Олины родители выживали в борьбе – то ли цепляясь, то ли выталкивая друг друга из круга общего жизненного пространства – как кукушата – с жестокостью инстинкта, и видели в этой безысходной суете умение жить. Выживание? – состояние споры, замершей до лучших времён – между жизнью и смертью. Так выживают ничего о себе не знающие, бессловесные существа, сохраняющие себя в летящем по ветру зонтике или причудливой колючке, цепляющейся за любого прохожего. Но человек? Что происходит с человеком, если он ничего не знает о себе? Должно быть, остаётся внешний облик физическая оболочка, схожая с человеком, как схож с Богом образок, висящий на груди…
* * *
Первое Олино одиночество было абсолютным – в нём не было даже её самой. Второе приближалось постепенно, и Оля успела привыкнуть к нему и впустила, узнав, и почти не протестуя: открыла дверь, равнодушно отвернулась и ушла на кухню, где в зелёном баке закипала мыльная вода с пелёнками; её душа была тогда в рабстве у детей, которых родила. А третье одиночество было милосердным – может быть, тогда оно и показало своё истинное лицо, и было это за год до эмиграции. Всё рушилось: Оля чувствовала, как слабые и прежде связи, объединяющие то, что было её жизнью, даже не рвались, а рассыпались как истлевшая ветошь; и Оля присутствовала – одновременно – в двух мирах: теперешнем, похожем на ярмарку уценённых надежд, и том, что возникнет потом, когда люди, променяв последние медяки на дешёвые сладости, разбредутся в свои судьбы, и время смешает пёстрые фантики с серой пылью.

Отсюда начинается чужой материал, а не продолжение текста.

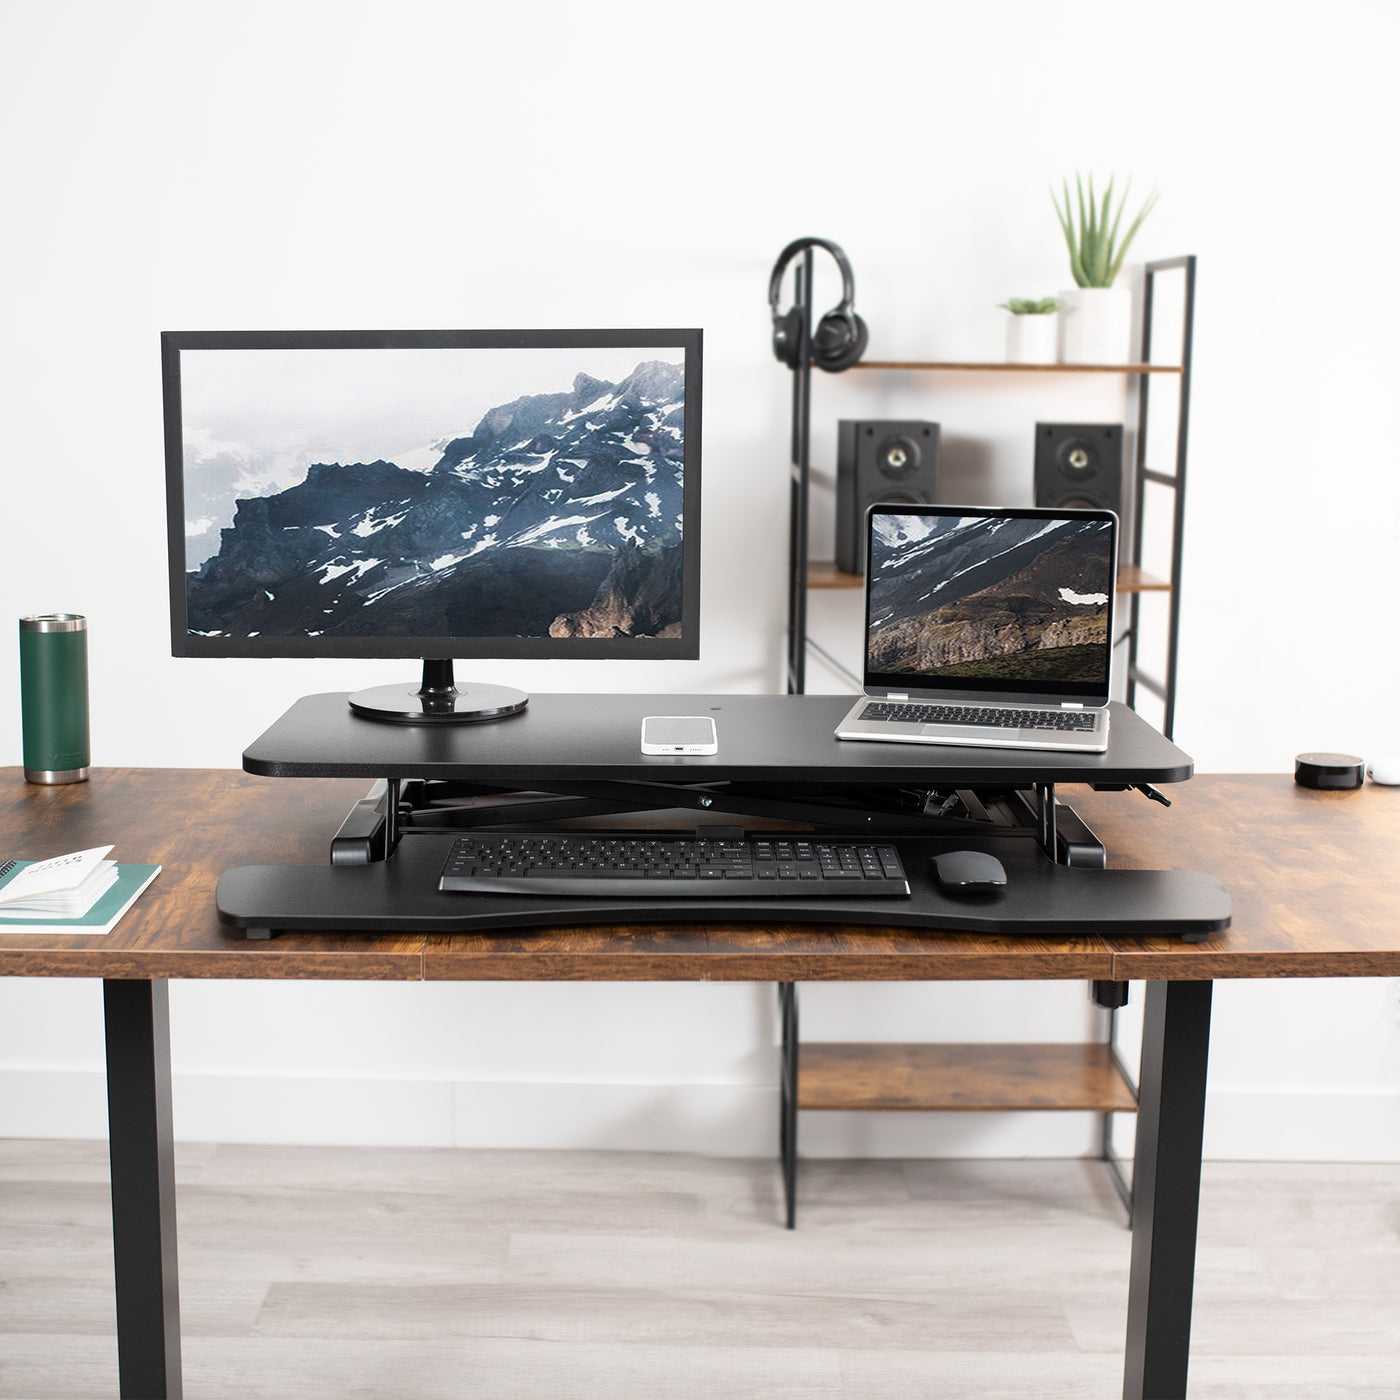 Lowered desk converter and desk top level for the convenience of working while sitting.

Оля заметалась в поисках выхода: нужно было спасать детей из разрушающегося мира. Пыталась говорить с мужем, но Михаил давно жил не с ней, а где-то там, где Олин голос слышался как песня без слов. Отказаться от её голоса Михаил не мог: так звучало его спасение – тайна его скрытой ото всех жизни… Но слова, которые она произносила, мучили его – отвлекали от забвения, которое давал голос… Кажется, она говорила, что несчастна, что устала. Говорилось… ею?… Об усталости – её?… Его спасение – устало?… Его счастье – несчастливо? Было выше сил принять – осознать, что вера его, его любовь, где-то там… в своём источнике, пугающе недоступном, иссякает. Не было сил услышать разрушающий смысл слов. И Михаил забывался в звуках, запахах, прикосновениях, отдыхая в тени своей жизни, которая утекала без него…
Оля запомнила тот вечер, когда явилось третье одиночество. Ожесточение заполнило восьмиметровую спальню – комнатку, обставленную компромиссами. Диван раскладывался, ущемляя нижний ящик секретера, но теснился перед его средней, превращающейся в столик, дверкой, подставляя себя под него, как сиденье. В свой верхний ящик секретер принимал постель, зато диван терпел груду книг, сваленных на него во время занятий.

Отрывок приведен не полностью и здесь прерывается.